Ritorno da un viaggio



Ieri ho camminato per Genova inseguendo la magia di un film del '49, rimasta imprigionata nei caruggi della città vecchia. Ho svoltato un angolo e me la sono trovata davanti e alé, non ho potuto scappare più. Adoro questo film, per tanti motivi: per Jean Gabin e per Isa Miranda; per le comparse che sono la gente vera di quella Genova; per il desiderio di recuperare la normalità del vivere e per identificare questa normalità nei sentimenti; per gli scorci di Genova che si mostrano dentro le sequenze: la veduta di Sant'Agostino dal campanile dell'ex convento di San Silvestro, Piazza Caricamento senza la sopraelevata, Piazza Sarzano, il caruggio del campanile di Santa Maria delle Vigne. Genova è una città perfetta per inseguire i sentimenti, per come è fatta, per l'ordine misterioso e ferreo che regola la disposizione dei suoi caruggi. Ieri ci sono tornata reduce da un viaggio cominciato d'estate, cinque anni fa, con un carcinoma. Un viaggio in cui ho spesso perso l'orientamento, e andando per quelle vie strette, cercando fra le case che quasi si toccano ferite di luce e punti di riferimento, mi è sembrato che tutto quello che ho vissuto in questi cinque anni stesse trovando un posto. Non avevo bisogno di un bilancio, ma di un luogo sicuro dove lasciare tutto quello che ho attraversato senza capire. Genova è una città così. Forse perché dopo averla conosciuta uno si rende conto di averne compreso solo una parte, piccola o grande, ma solo una parte. Però non ci si sente frustrati per questo, né si è disorientati, come se la città vecchia fosse capace di parlare a questo umano stato d'animo. Così una certa parte di quel mio viaggio l'ho lasciata lì. Potrò cercarla ogni volta che torno, Genova nasconde ma non ruba. Potrò scoprire se voglio cercarla ancora, o non accorgermi neppure che l'avrò dimenticata. In ogni caso so fin da ora che non l'avrò persa.

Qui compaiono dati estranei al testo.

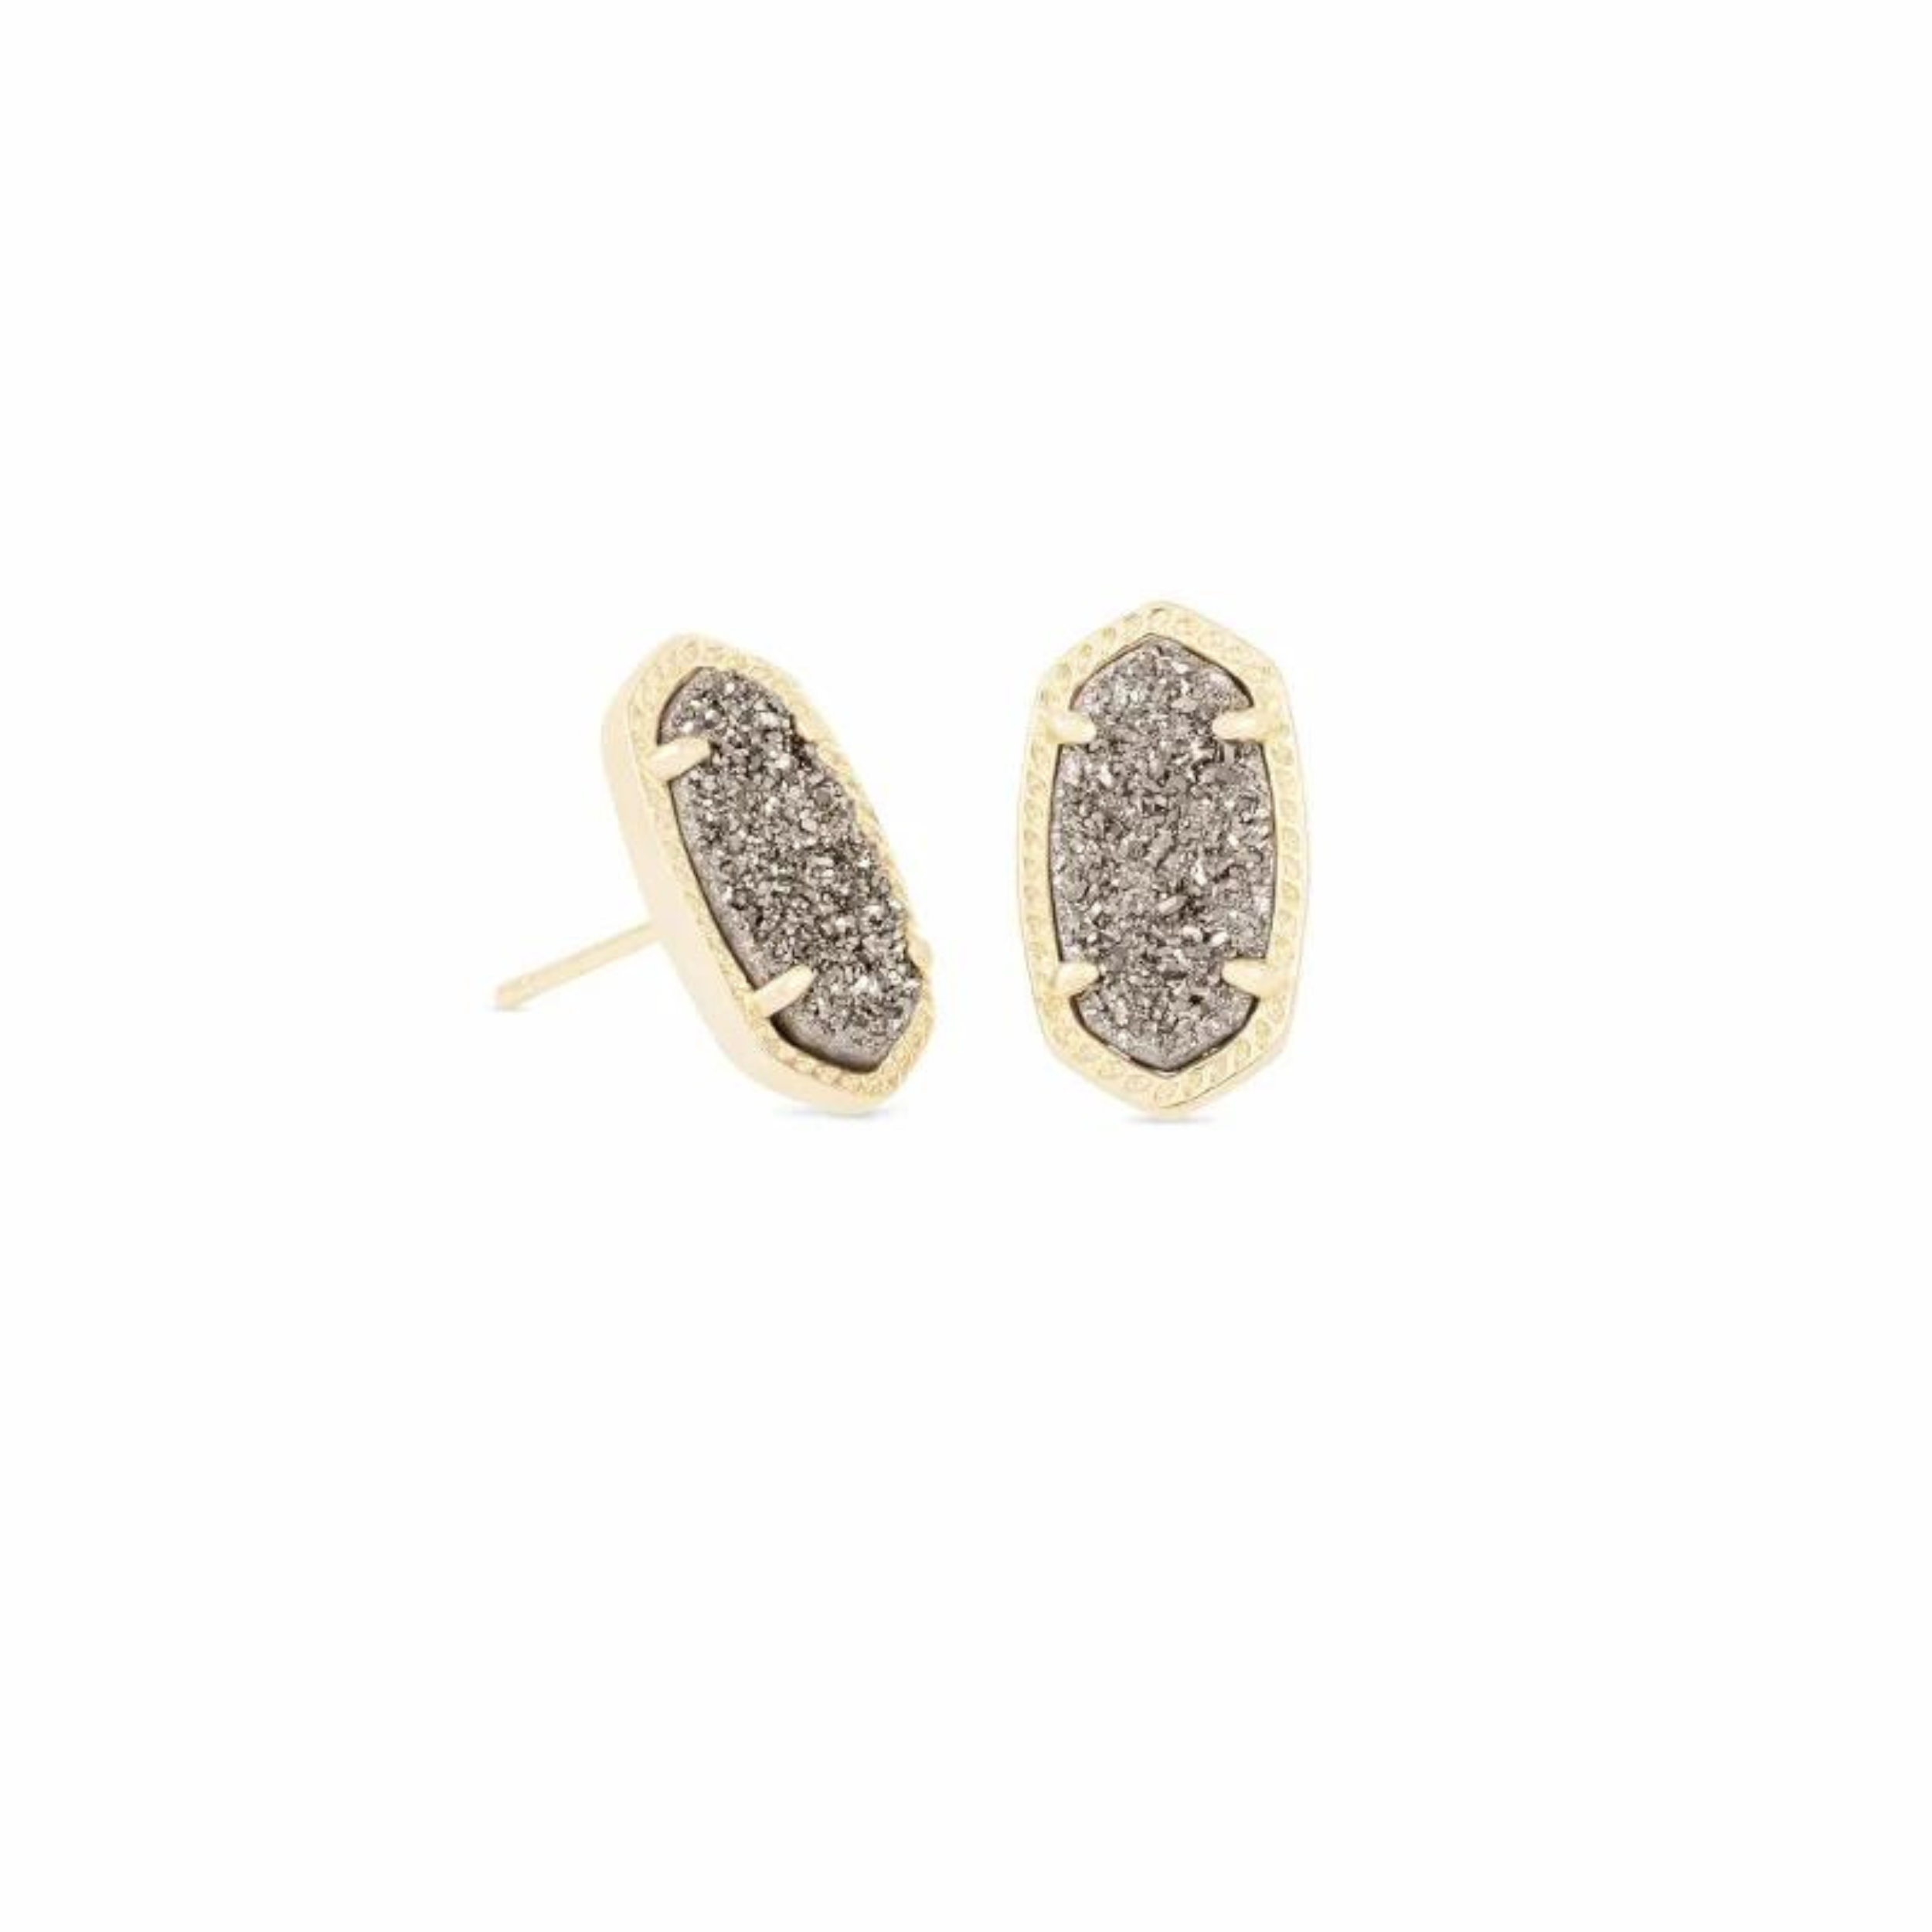 Gold stud earrings with platinum drusy stone, pictured on a white background.

Immagini dal film "Le mura di Malapaga" di René Clément, 1949


2 commenti:

Costantino ha detto...

Conosco poco Genova. Qualche anno fa ci sono stato due volte consecutive, prima a portare un quadro di Giada, poi a ritirare il premio in suo luogo.
Nel primo caso pioveva forte, la volta seguente ho fatto un bel giro a piedi, sono entrato, a mezzogiorno passato, nel Duomo. Non c'era più nessuno, me lo sono visto e goduto in tutte le sue opere ed i suoi dettagli.
Ma...tanti anni prima, avevo accompagnato la mia nonna Seta che desiderava rivedere quel porto dove, a sei anni, nel 1892, era partita emigrante verso il Brasile con tutta la sua famiglia.
Non compresi la sua emozione, i suoi occhi lucidi, la felicità del ricordo stampata sul suo volto. Solo ora che tocca a me diventare vecchio, o forse si dice anziano,
riconosco tutto questo ogni volta che rivedo un luogo dove, in passato, ho lasciato un frammento del mio cuore.

red ha detto...

Che bel ricordo, Costantino...grazie di averlo scritto qui. Io torno a Genova da cinquant'anni e non la vedo mai uguale. È come una tela fiamminga piena di dettagli, la puoi guardare e riguardare mille volte e scoprire ogni volta un particolare che non avevi notato. In questo momento mi affascina moltissimo la sua storia medievale, non solo le vicende, ma anche il modo in cui la città tiene nascosta questa parte di sé. Il Seicento ha cancellato molte di queste testimonianze, ma quelle rimaste sono straordinarie e si nascondono bene, come a voler suggerire che in fondo la cosa che Genova ama di più è farsi cercare, farsi desiderare.